I love: Convenience.
I can write anytime, anywhere, if I have my computer and a few minutes to myself. At Exjob, I used to write at lunch. Of course, this meant lugging my computer back and forth each day. My big Vista laptop was heavy. I’ve since gotten a smaller machine that, while still giving me full-size functionality, travels much better.
If I don’t have a computer handy, I can still write. As a kid, I wrote constantly, in a notebook with a regular ballpoint pen. I didn’t like pencils because they wore down, and it wasn’t always convenient to sharpen them. Usually all I had was the notebook, with the pen stuck in the spirals.
Now I carry a little diary in my usually-oversized purse, in which I may note useable items for later inclusion in some project or other. It also serves as a repository for passing thoughts or observations.
I skimped on this, because the hate part is more important today.
I hate: censorship.
I really, really hate it.
The American Library Association celebrates Banned Books Week each year to enlighten people about the evils of censorship. Read about the topic in this Wikipedia entry. Although it covers most types, I’m mostly concerned with attempts to block free expression of ideas and concepts, particularly in literature.
There are two reasons this bugs me. First, it hinders study of materials that may be objectionable, but are valuable in learning about cultures, sociology, anthropology, archaeology, history, literature, and art.
Regardless of a regime’s attempts to suppress information, it gets out somehow. Either there are subversive publications, or eventually something is overlooked and the information is found in the ruins.
Second, it forces viewpoints on people who may not share them.
As I type this, a commercial for The Wizarding World of Harry Potter at Universal Orlando just played on the TV. (Yes I’m going. No, I don’t know when but I’m going.) In 2006, a woman in Georgia tried to get the Harry Potter books banned in her children’s school district, on the grounds that it promoted the Wiccan religion and tried to teach kids witchcraft. She never actually read the books. I will not dignify her by repeating her name—I’ll just call her Sourpuss.
If she was here, and I thought she’d listen, I’d like to point out a few things.
If you don’t read the material in question, you cannot form an educated opinion on it.
Sourpuss’ campaign against the Harry Potter series lost credibility because she had no idea what the books were even about. She had no understanding of theme, character motivation or context, which she would have had if she read them.
I’m not saying she had to, but an intelligent person who is wondering if something may be objectionable would most likely check it out.
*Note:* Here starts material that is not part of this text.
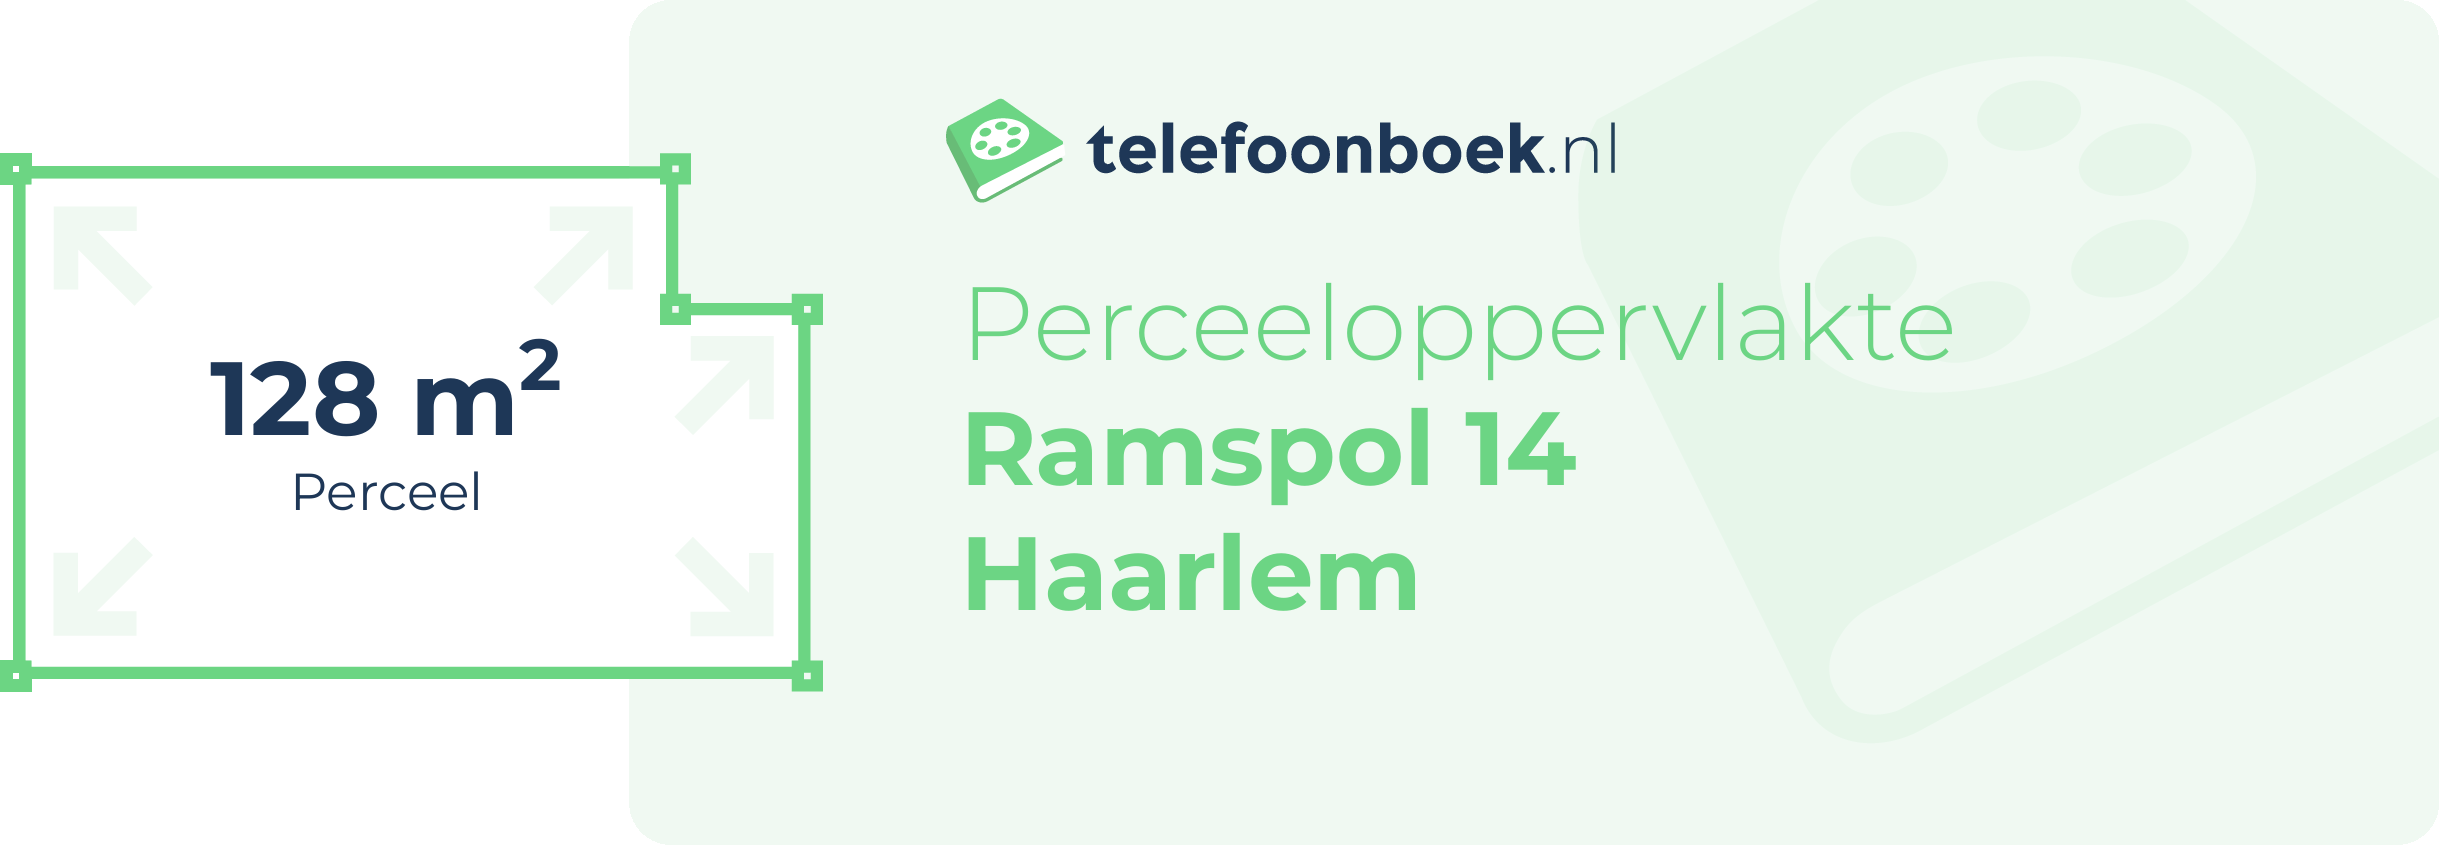 Perceeloppervlakte Ramspol 14 Haarlem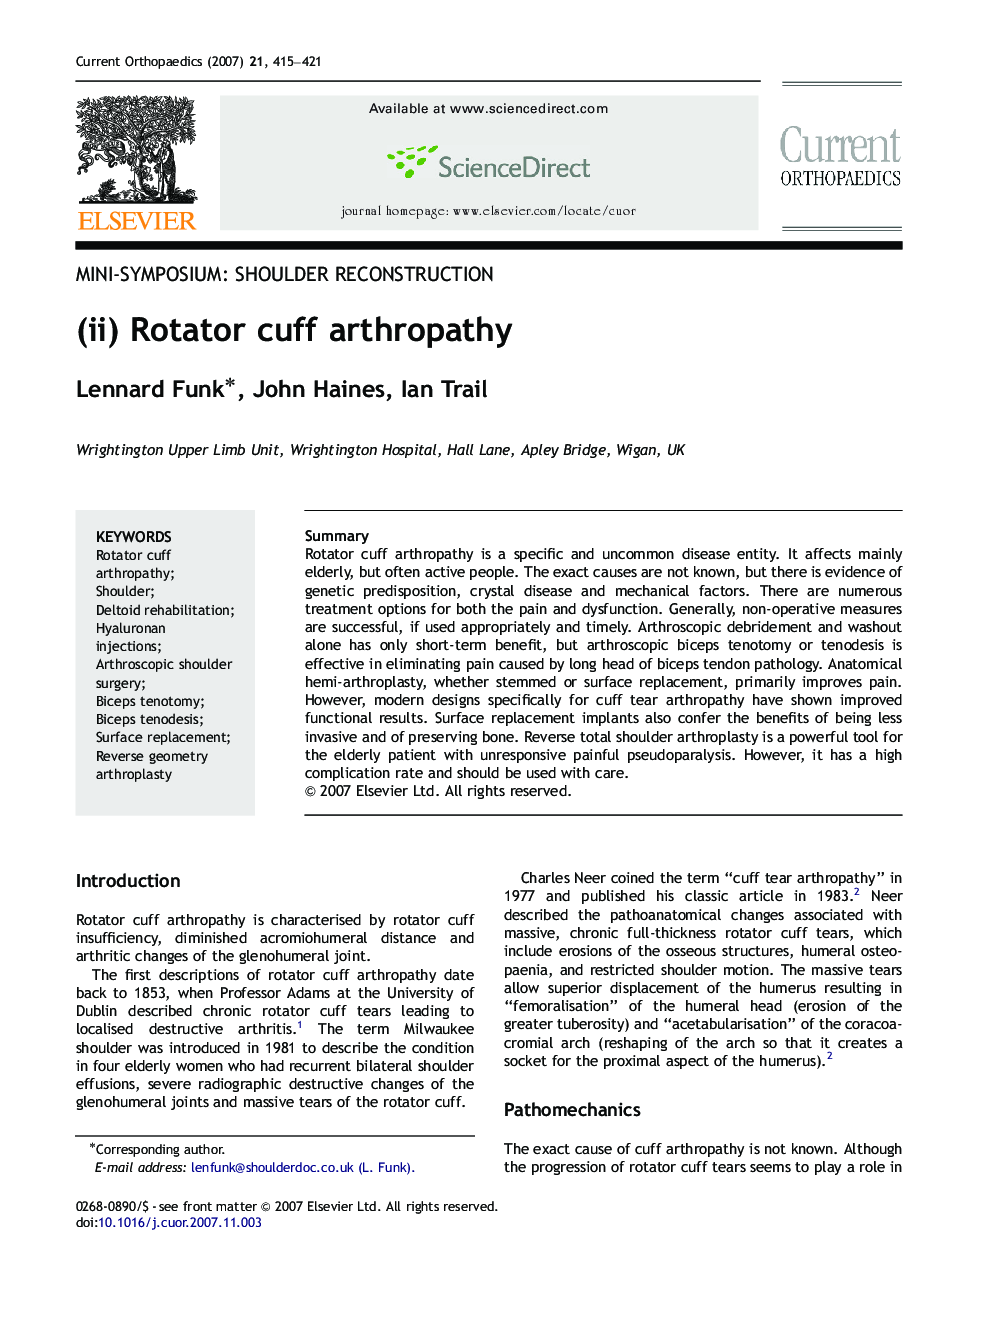 (ii) Rotator cuff arthropathy

There is simply no other way to know for certain.
It reminded me of the flap over the film version of The Last Temptation of Christ, which included a scene where Jesus makes love to his wife. Protesters seized on this as a sacrilege. Of course, as I tend to do exactly the opposite of what people say I should, it made me wild to see it.
The film and the book it’s from are about the duality of Christ’s divinity and his humanity. The scene in question takes place while he is dying on the cross, visualizing the ordinary human life he could have had were he not the Son of God. This includes a childhood, marriage (with sex), a family, and finally an ordinary death in bed like a normal person.
Context is fun!
Just because you believe something doesn’t mean that I can, do, and should believe it also.
By insisting that no one should read a book she objected to, Sourpuss was pushing her beliefs on everyone else. If she didn’t want her kids to read it, and it were being taught in class, perhaps an alternative could have been set up so they could still get credit for an assignment.
I would probably appreciate someone pointing out a bad influence on my kids (if I had any). But it’s up to me to decide if intervention is warranted.
Let’s also suppose I and my family were Wiccan. I could argue that she was defaming my religion. If you know anything about Wicca, which obviously Sourpuss does not, it is not in any way black magic or evil.
So I ask, why is the religion or belief of the person attempting to censor more important than mine? And what if the document she was attempting to remove was actually historical in nature? Suppose Sourpuss was a neo-Nazi and she was objecting to a class reading The Diary of Anne Frank?
Force is not the way to convince anyone of anything.
Making people do things your way only fosters resentment. People don’t like to be told what they should or should not do.
If you truly have an objection to certain materials, try to do these four things:
- Learn more about it. Your impression of the material may be completely off-base, especially if it’s based on something someone else told you.
- Use reliable sources to back up your arguments. Don’t go into a school board meeting shrilling something you got off anythingidontbelieveinisevil.com.
- Realize that the world does not revolve around you and your opinion. There are others who may enjoy the book you dislike. Your rights don’t trump theirs.
- Try to seek alternatives and work them out with the people involved. Perhaps there are better ways to satisfy everyone’s concerns, but you’ll never know if you go charging in.
If you can’t change people’s minds, perhaps it’s better to simply let it go. I’ve always believed we have brains for a reason, so we can figure things out on our own.